– Jestem przekonany, że mamy znowu fajną drużynę. Mam nadzieję, że będzie widoczne, że mamy wspólny cel, na który będziemy codziennie pracować. Już nie mogę doczekać się treningów w Gdańsku i świętowania dużych rzeczy – powiedział w mediach klubowych rozgrywający Trefla Gdańsk, Lukas Kampa.
Smutny, ale dumny i wdzięczny
Siatkarze reprezentacji Niemiec byli blisko sprawienia niespodzianki na igrzyskach olimpijskich. Już w grupie pokazali się z dobrej strony, pokonując Japończyków i Argentyńczyków, a w ćwierćfinale byli o włos od wyeliminowania gospodarzy zmagań. Prowadzili już z Francuzami 2:0, ale nie zdołali przypieczętować wygranej. Nie ma się więc co dziwić, że po porażce po tie-breaku byli rozczarowani. – Przez cały turniej graliśmy bardzo dobrze. Zrobiliśmy wszystko, co mogliśmy. Wielka szkoda, że nie udało nam się awansować do półfinału, ale w ogóle nie mam o to pretensji. Jestem trochę smutny, ale generalnie jestem z nas dumny, szczęśliwy i wdzięczny, że mogłem brać udział w tych igrzyskach olimpijskich – powiedział rozgrywający, Lukas Kampa.
Koniec pewnej epoki
Okazało się, że były one dla niemieckiego rozgrywającego ostatnim akordem w kadrze prowadzonej obecnie przez Michała Winiarskiego. – To był mój ostatni turniej z reprezentacją. Decyzję tę podjąłem rok temu, a może nawet jeszcze wcześniej.

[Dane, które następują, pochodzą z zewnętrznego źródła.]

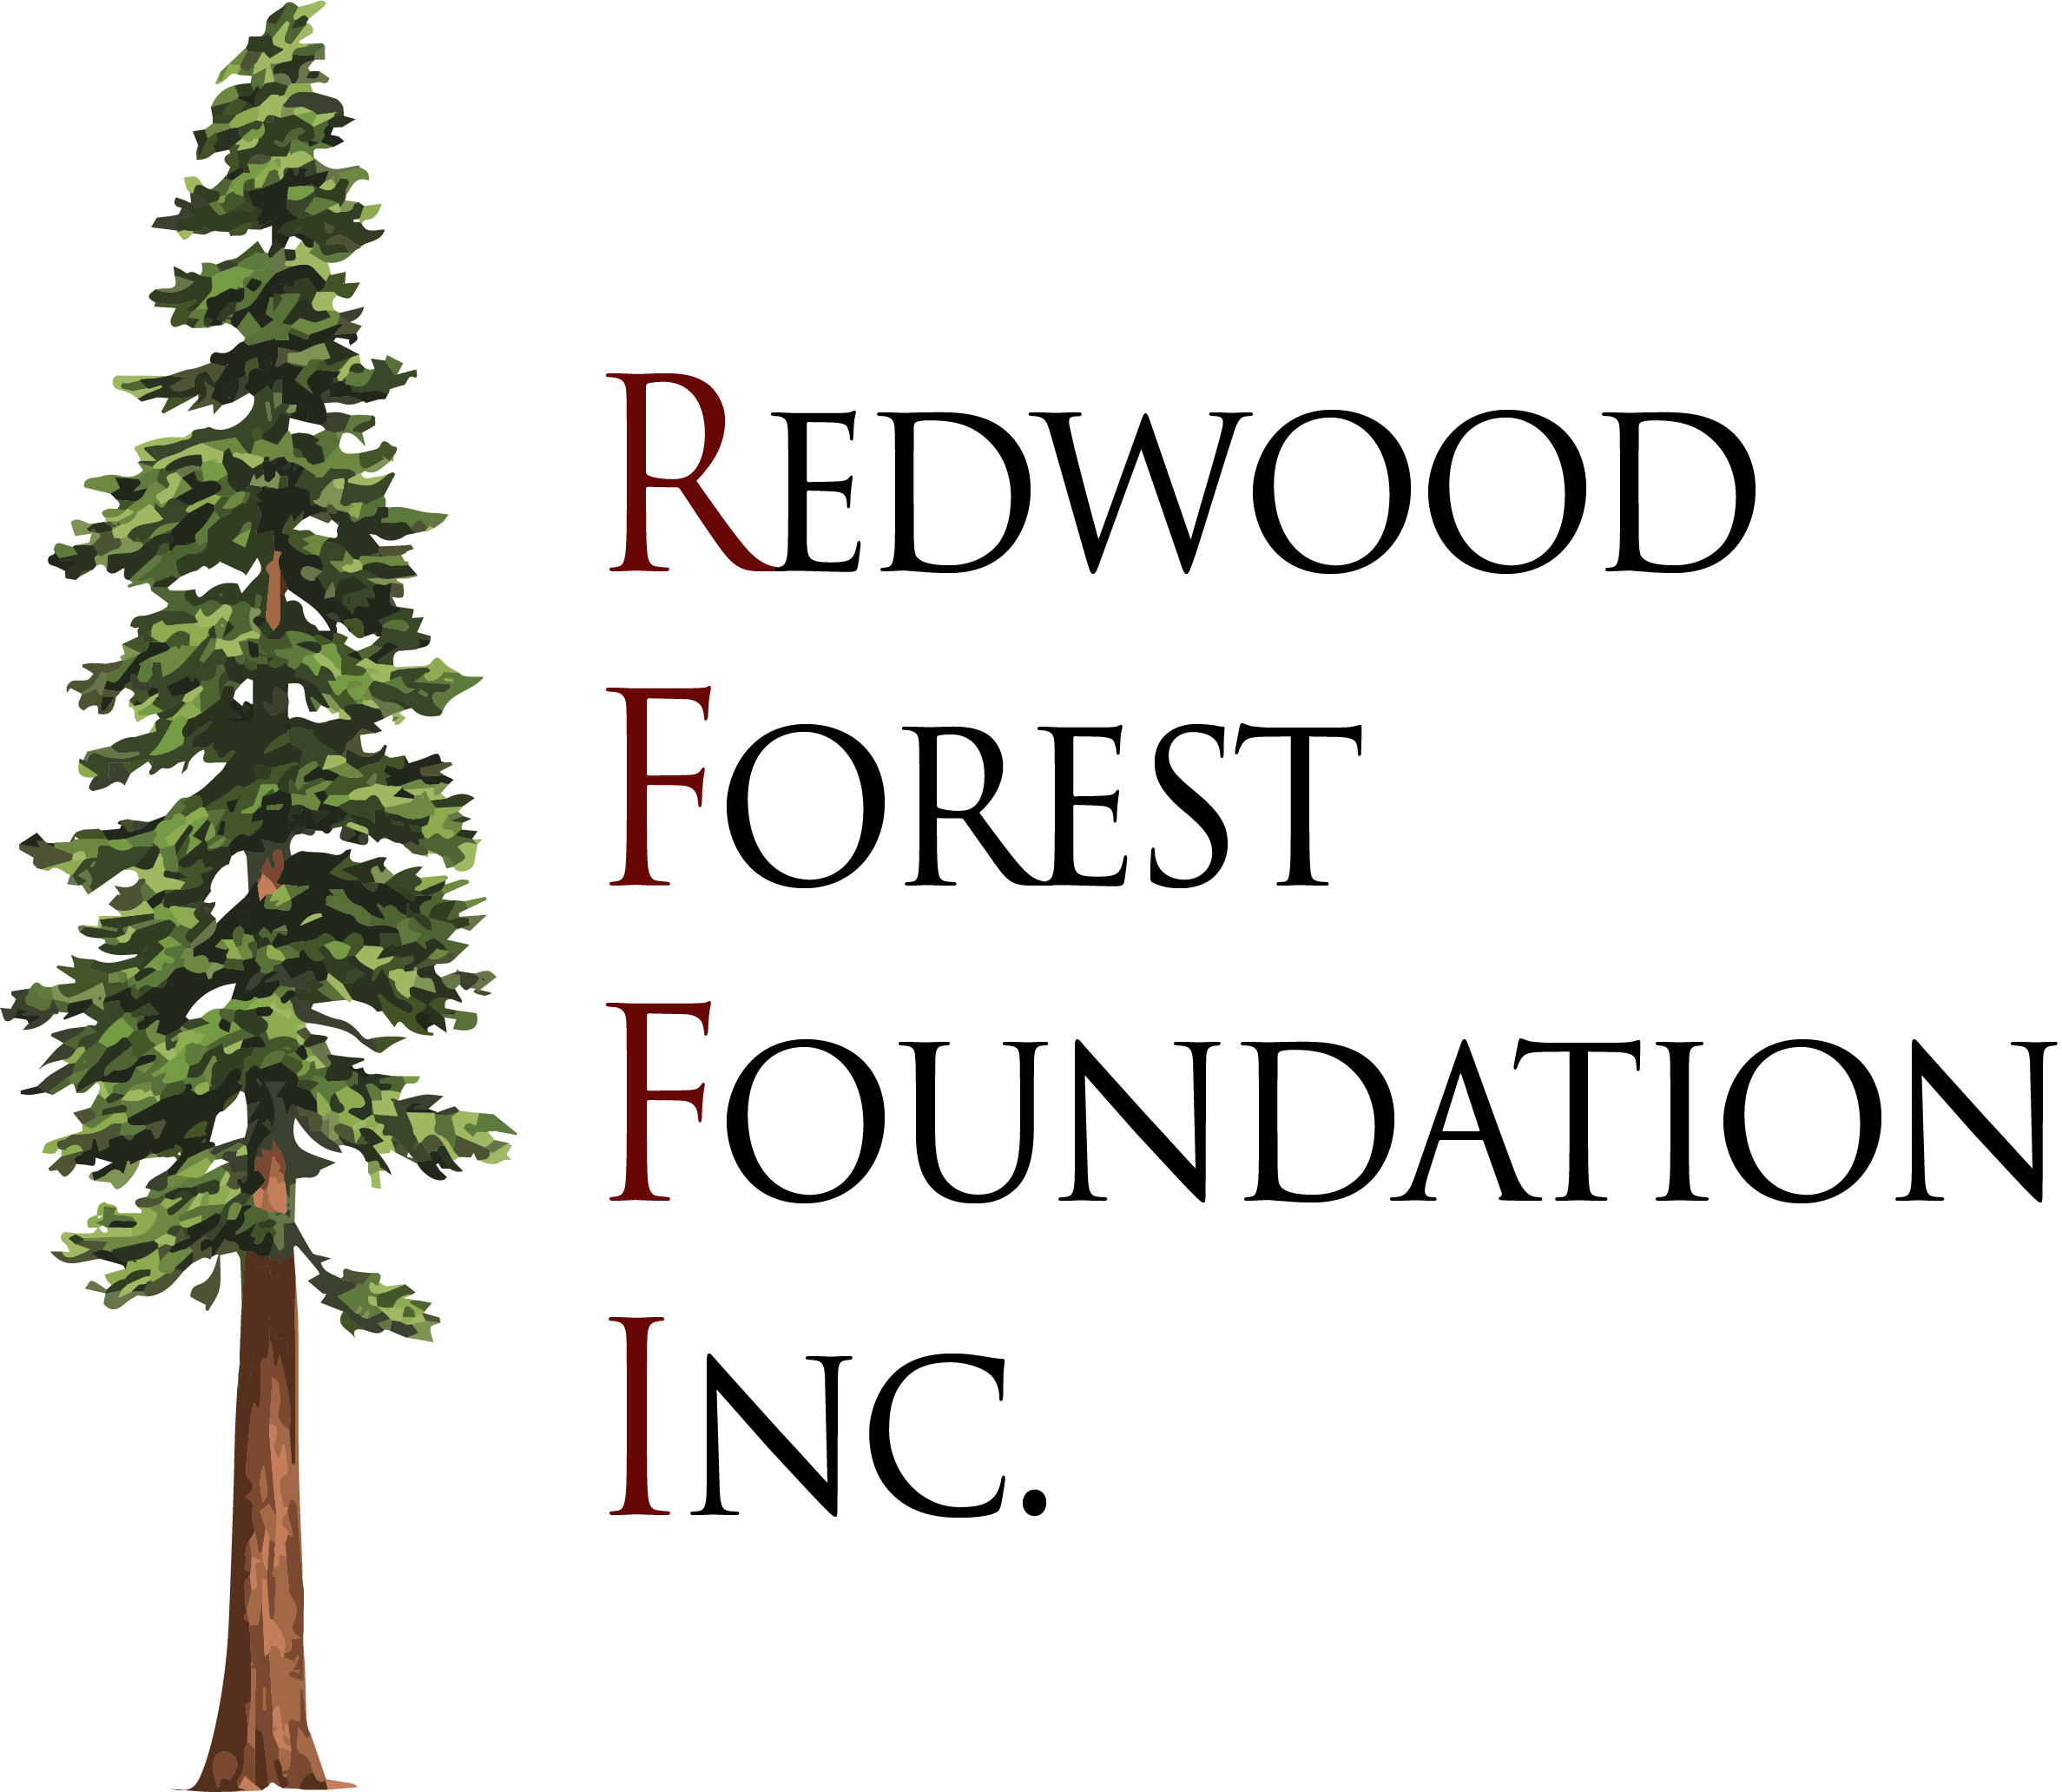 Redwood Forest Foundation Inc. Seeks President & CEO

Czuję, że to jest dobry moment, aby zakończyć swoją przygodę z kadrą. Po ostatnim meczu w Paryżu powiedziałem chłopakom, że teraz nadszedł ich czas, a ja będę im mocno kibicował – dodał doświadczony zawodnik.
Powrót do domu
Pojawił się on już w Gdańsku, gdzie wraz z Treflem będzie przygotowywał się do sezonu ligowego. W jego barwach występuje od 2021 roku i zanosi się na to, że w najbliższych rozgrywkach ponownie będzie jednym z filarów pomorskiej drużyny. – Jestem szczęśliwy, że jestem w domu, bo czuję, że Gdańsk jest moim domem. Jestem przekonany, że mamy znowu fajną drużynę. Mam nadzieję, że będzie widoczne, że mamy wspólny cel, na który będziemy codziennie pracować. Już nie mogę doczekać się treningów w Gdańsku i świętowania dużych rzeczy – zakończył Lukas Kampa.